- Task instructions:
Below are entries. Copy exactly the lines running from the line that holds "Red Rose2 Case for Galaxy Note 8" to the line that holds "Patients can check", with both ends included.

- Entries supplied:
..............................

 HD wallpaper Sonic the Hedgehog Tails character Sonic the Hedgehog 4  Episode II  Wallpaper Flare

..............................

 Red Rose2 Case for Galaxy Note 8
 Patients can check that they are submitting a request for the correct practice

..............................

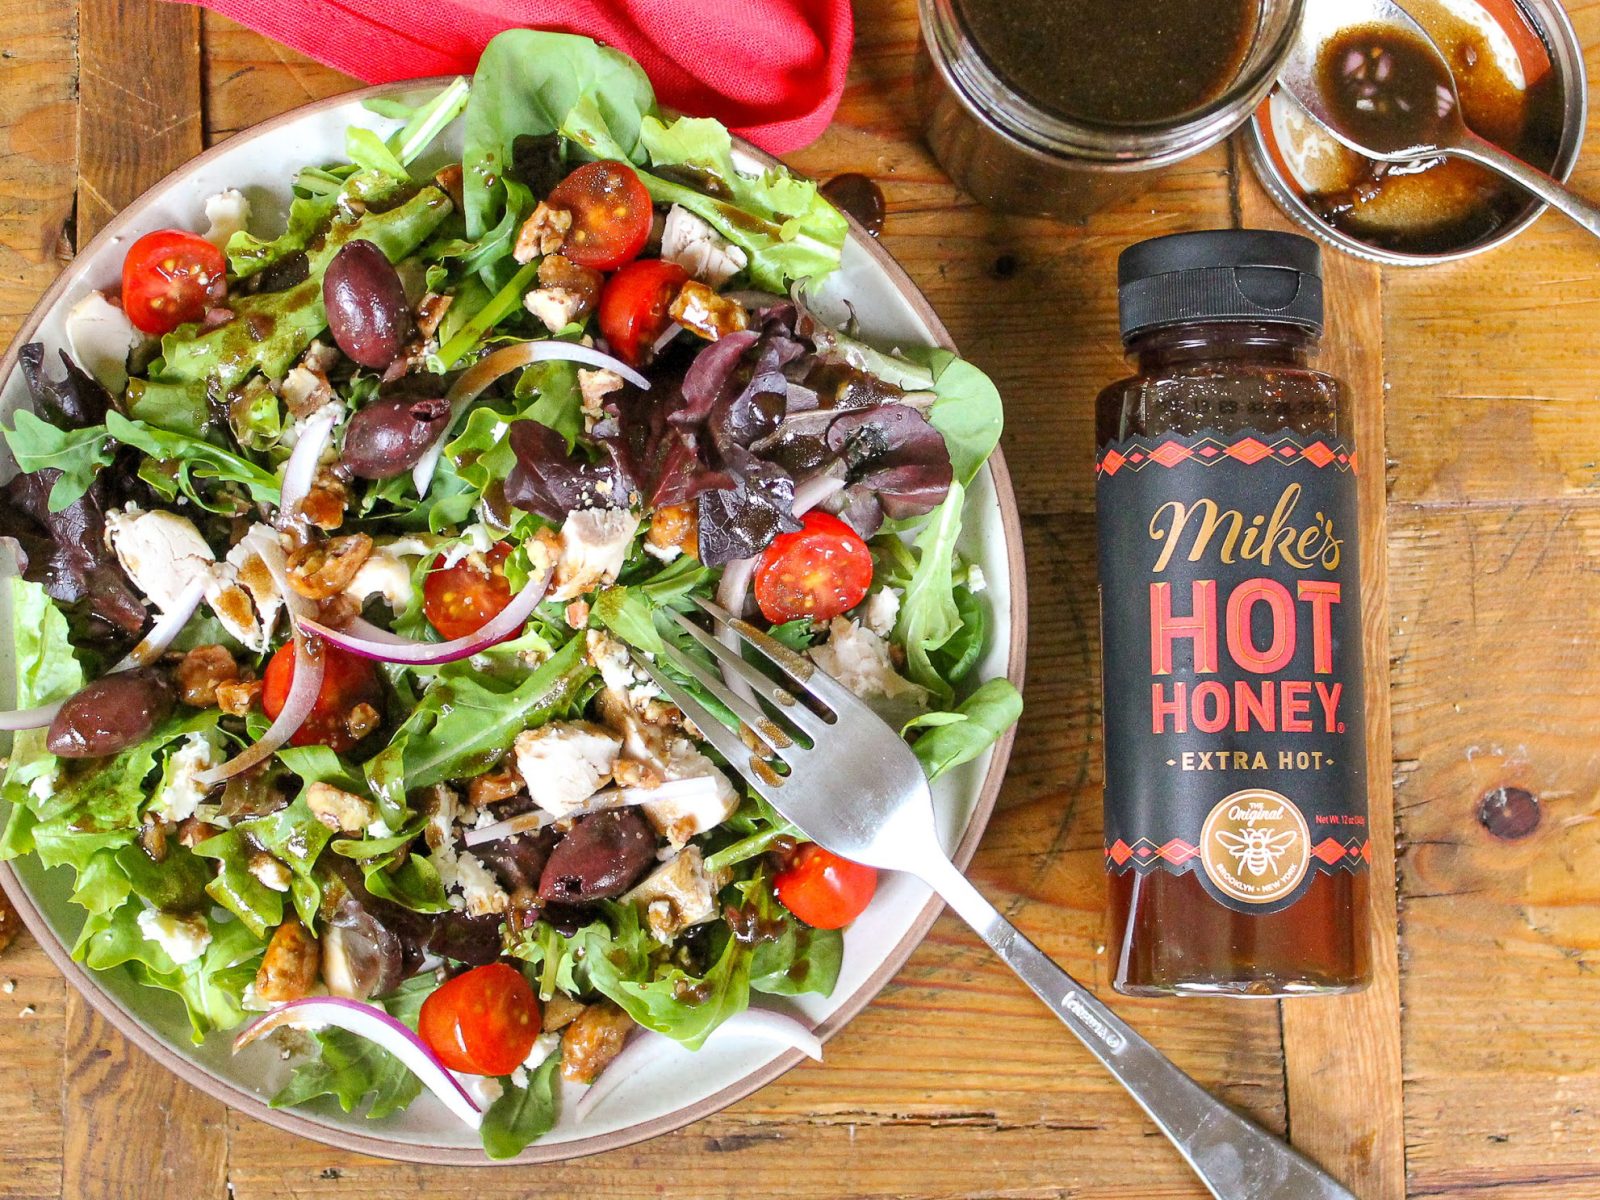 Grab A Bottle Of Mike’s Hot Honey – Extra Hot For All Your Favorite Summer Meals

..............................

- Task solution:
 Red Rose2 Case for Galaxy Note 8
 Patients can check that they are submitting a request for the correct practice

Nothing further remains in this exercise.